The key process of electrolysis involves the interchange of atoms and ions that occurs through the removal or addition of electrons from the external circuit. The desired products of electrolysis are in a different physical state from the electrolyte and can be removed through various physical processes. For example, when brine is subjected to electrolysis to produce hydrogen and chlorine, the products are gaseous. These gaseous products bubble from the electrolyte and are easily collected.
Components of Electrolysis
The main components that are needed to achieve electrolysis are:
- An electrolyte: an electrolyte is a substance containing free ions. These ions are the carriers of the electric current in the electrolyte. If the ions are not mobile, as in solid salt, then electrolysis cannot occur.
- A direct current (DC) supply: a DC supply provides the energy necessary to create or discharge the ions in the electrolyte. The electric current is carried by electrons in the external circuit.
- Two electrodes: these function as an electrical conductor which provides the physical interface between the electrical circuit providing the energy and the electrolyte.

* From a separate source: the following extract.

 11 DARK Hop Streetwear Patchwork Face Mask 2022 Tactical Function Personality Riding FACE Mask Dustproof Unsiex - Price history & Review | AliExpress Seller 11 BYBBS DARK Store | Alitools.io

At the cathode (the negative electrode), the battery creates a negative charge. Consequently, there is electrical pressure to push electrons into the water at this end. At the anode (the positive electrode), there is a positive charge, so that electrode would like to absorb electrons. But the water isn't a very good conductor. Instead, in order for there to be a flow of charge all the way around the circuit, water molecules near the cathode are split up into a positively charged hydrogen ion, which is symbolized as H+ in the diagram above, and a negatively charged "hydroxide" ion, symbolized as OH-:
H2O -> H+ + OH- .
A positively charged hydrogen ion, or H+, is just the hydrogen atom without its electron, i.e. the nucleus of the hydrogen atom, which is just a single proton.
You might have expected that H2O would break up into an H and an OH (the same atoms but with neutral charges), but this doesn't happen because the oxygen atom more strongly attracts the electron from the H -- it steals it. (Officially, we say the oxygen atom is more "electronegative" than hydrogen). This theft allows the resulting hydroxide ion to have a completely filled outer shell, making it more stable.
But because of this transfer, the H+, which is just a naked proton, is now free to pick up an electron (symbolized as e-) from the cathode, which is trying hard to donate electrons. When H+ picks up an electron, it will become a regular, neutral hydrogen atom:
H+ + e- -> H
When this hydrogen atom meets another hydrogen atom, they will form a hydrogen gas molecule:
H + H -> H2,
And this molecule will bubble to the surface -- we have hydrogen gas!
Meanwhile, the positive anode has caused the negatively charged hydroxide ion (OH-) to travel across the container to the anode. When it gets to the anode, the anode removes the extra electron that the hydroxide stole from the hydrogen atom earlier, and the hydroxide ion then recombines with three other hydroxide molecules to form 1 molecule of oxygen and 2 molecules of water:
4 OH- -> O2 + 2 H2O + 4e-
The oxygen molecule is very stable, and bubbles to the surface.
In this way, a closed circuit is created, involving negatively charged particles -- electrons in the wire, hydroxide ions in the water. The energy delivered by the battery is stored as the production of hydrogen.